TEMPERATURE AND RATE DEPENDENT PARTITIONED CONSTITUTIVE RELATIONSHIPS FOR 95.5PB2SN2.5AG SOLDER ALLOY

Abstract

One of the biggest challenges for power electronic devices is to be reliable in harsh environments. The operating temperatures in typical applications can go as high as 200ºC. The die attachment material of a power electronic device is one of the weak links in the system. The eutectic Sn-Pb solder alloy, which is the most commonly used permanent interconnect in electronics packaging cannot fulfill these service requirements, hence there is a need to find suitable replacements.
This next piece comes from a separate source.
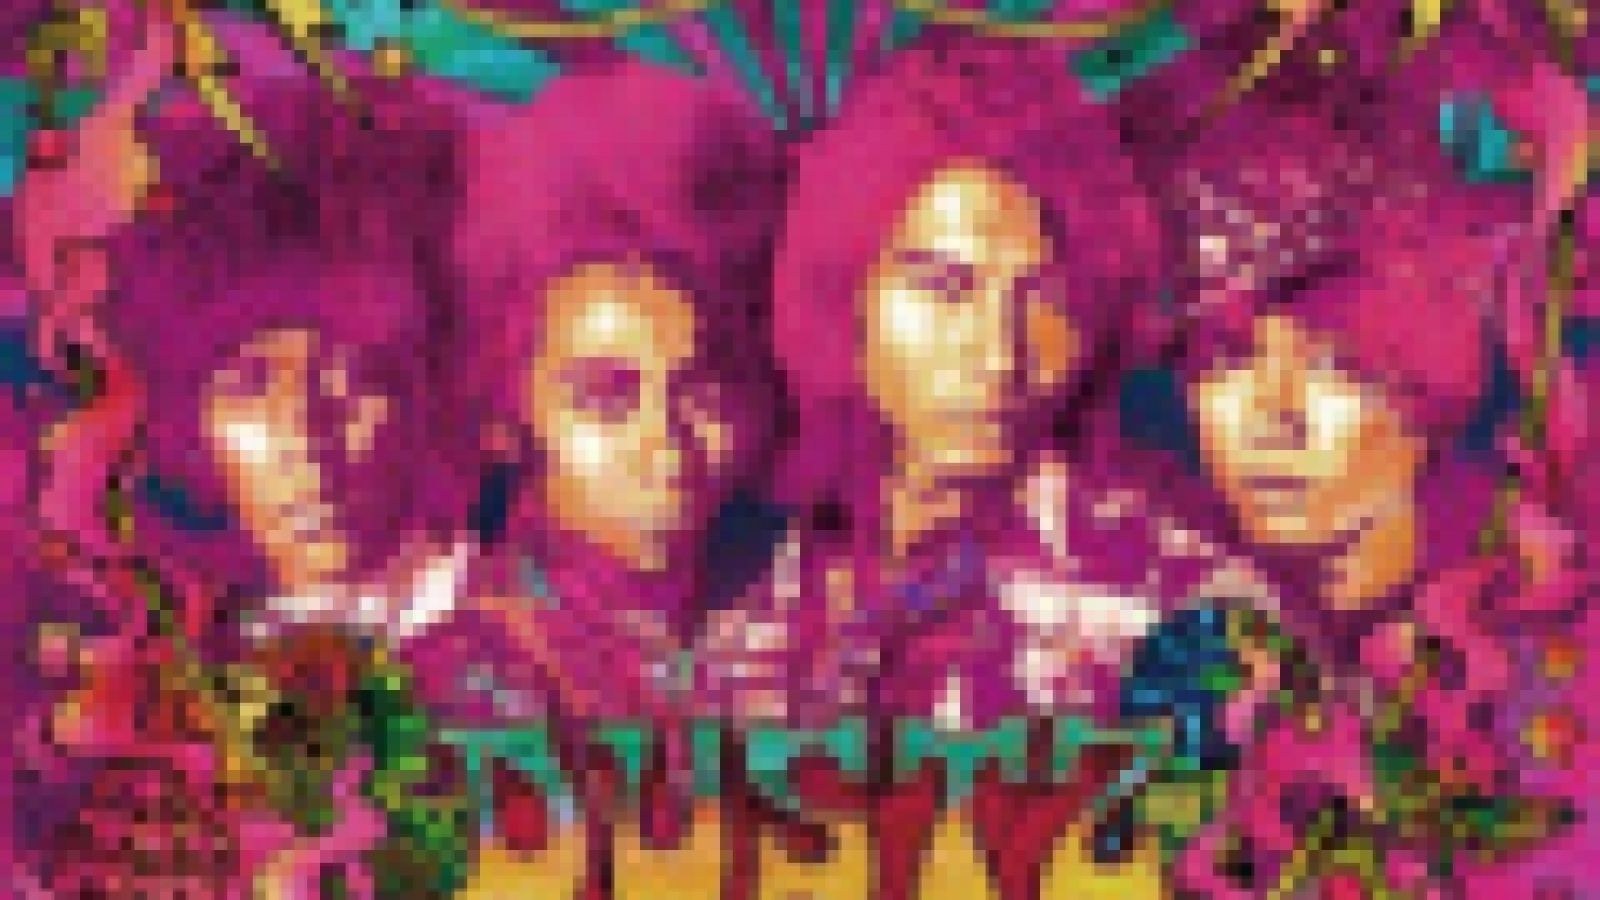 Nowe single DUSTZ, 9mm Parabellum Bullet i TOKYO MICHAEL © Dustz - Epic Records Japan

Durability characterization is essential in order to accurately predict the reliability of the solder alloy chosen for the die attach material under life cycle loads. A large number of models are available, which can be used to determine the life of die attach in small signal and power modules, however the shortfall of these models is the lack of test data for all but the most common (e.g. eutectic Sn-Pb solder) die attach materials. Hence, relevant constitutive properties must be measured, as they are essential for quantitative characterization of damage accumulated in the die attach, the knowledge of which is essential for accurate durability assessment. The aim of this study is to determine the relevant constitutive properties for high temperature high lead 95.5Pb2Sn2.5Ag solder alloy (Indalloy 163) by implementing the direct local measurement technique. Temperature and loading rate dependent mechanical and constitutive properties of the afore mentioned solder alloy have been obtained by modeling the experimental data gathered by conducting monotonic, isothermal, constant strain rate tests at a range of temperatures and strain rates utilizing miniature single-lap shear specimens, with a partitioned form of the general constitutive equation.